Furniture Retail Chain Fined in GDPR Ruling
Key Takeaways
- Fine: Denmark’s Western High Court fined ILVA A/S, a furniture retail chain, $216,000 (DKK 1.5 million) for GDPR violations.
- Group Turnover Standard: The ruling confirmed that fines should be based on the entire corporate group’s global revenue, not just the subsidiary’s.
- CJEU Precedent: The Court of Justice of the EU clarified that “undertaking” under GDPR must align with competition law concepts.
- Effective Enforcement: The judgment ensures fines remain effective, proportionate, and dissuasive, raising exposure for multinationals.
- Case Origins: The breach stemmed from outdated IT systems without deletion deadlines or procedures for personal data.
Deep Dive
The Western High Court in Denmark has imposed a fine of $216,000 (DKK 1.5 million) on ILVA, a Danish furniture retail chain known for its Scandinavian-style home furnishings, for violating the General Data Protection Regulation (GDPR). The ruling establishes an important precedent for how fines against companies are calculated.
The case centered on ILVA’s failure to set deletion deadlines and procedures in an older IT system containing customer information, breaching GDPR’s requirement to delete personal data that is no longer necessary. ILVA operates as part of IDdesign, which owns several furniture and lifestyle brands, giving the case broader implications for group-based liability under European data protection law.
The case first went before the Court in Aarhus in 2021, which fined the company $14,000 (DKK 100,000). That ruling calculated the penalty based on ILVA’s own net revenue rather than the group’s overall turnover. Dissatisfied with the narrow interpretation, prosecutors appealed.

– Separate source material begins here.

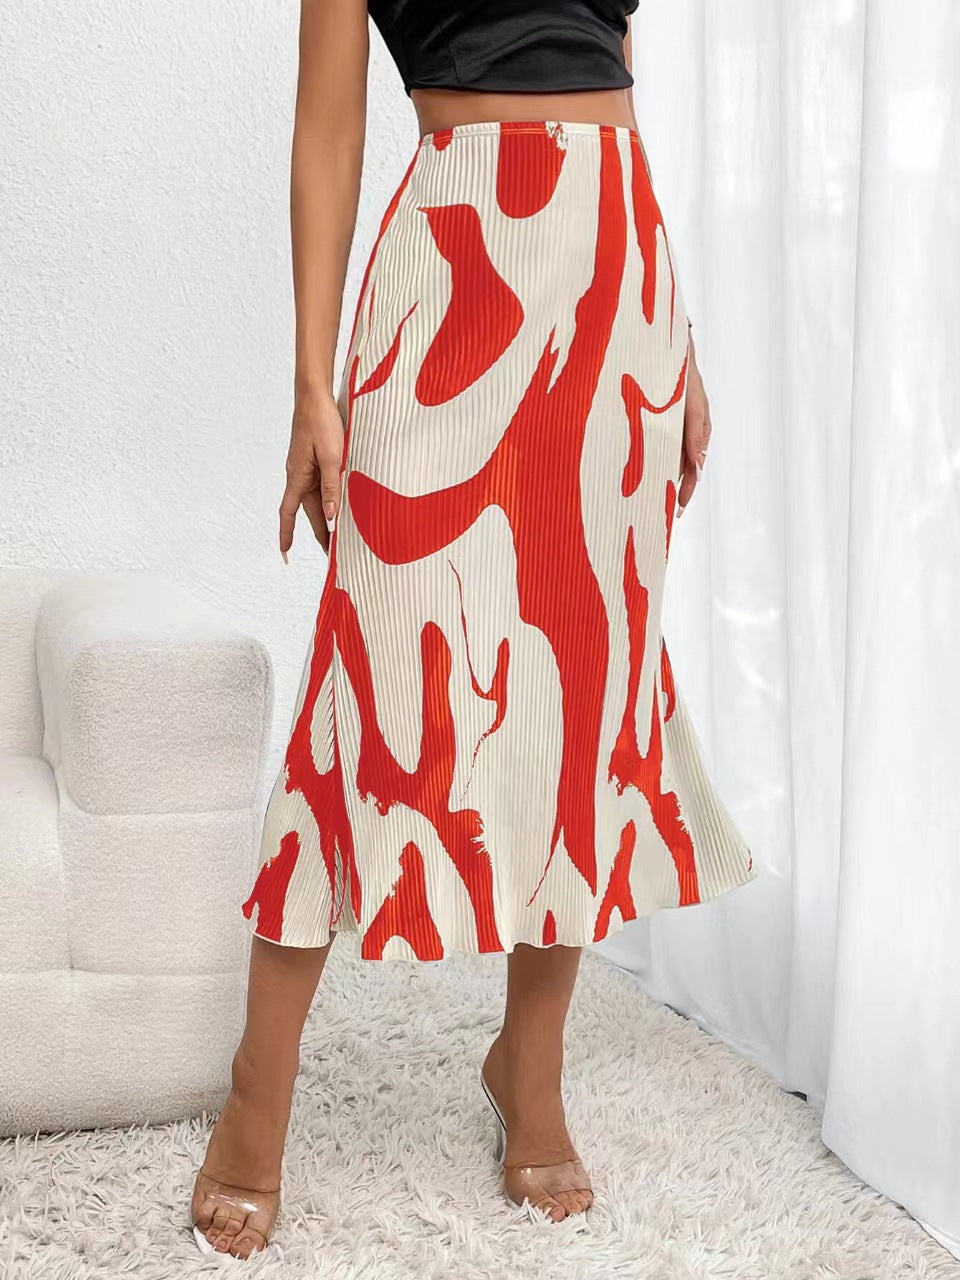 New Summer Printed Women's Skirt

The matter escalated to the Court of Justice of the European Union (CJEU), which in February 2025 clarified that the term “undertaking” in GDPR must be interpreted consistently with EU competition law. This means fines should be calculated on the basis of a group’s total worldwide turnover, ensuring they are “effective, proportionate, and dissuasive.”
High Court’s Decision
Following the CJEU’s guidance, the Western High Court raised the penalty to $216,000 (DKK 1.5 million), in line with the Danish Data Protection Authority’s original recommendation.
“This is a very important judgment because it helps to determine the practice for the level of fines for private companies,” said Cristina Angela Gulisano, Director of the Danish Data Protection Authority. “The judgment is also important because it establishes that management’s knowledge of actual circumstances—about processing that is in breach of data protection rules—makes it an intentional violation of the rules.”
The ruling underscores that GDPR fines in Denmark, and across the EU, will not be limited to the revenues of individual subsidiaries but can be pegged to the financial capacity of the entire corporate group. For businesses, this decision raises the stakes significantly in cases of intentional or negligent data protection violations.
The case began in 2018 when the Danish Data Protection Authority inspected ILVA. By June 2019, the regulator had filed a police report citing breaches of storage limitation rules. With the High Court’s ruling now finalized, ILVA may only seek permission from the Danish Court of Appeal to bring the matter before the Supreme Court.
The ruling carries weight well beyond ILVA. By confirming that fines can be calculated against a group’s global revenue rather than a single subsidiary’s turnover, the case broadens the enforcement risk landscape for multinationals operating under the GDPR. It further demonstrates the importance of robust data governance practices at both subsidiary and group levels, making clear that outdated systems or lax deletion procedures can expose entire corporate groups to significant financial penalties.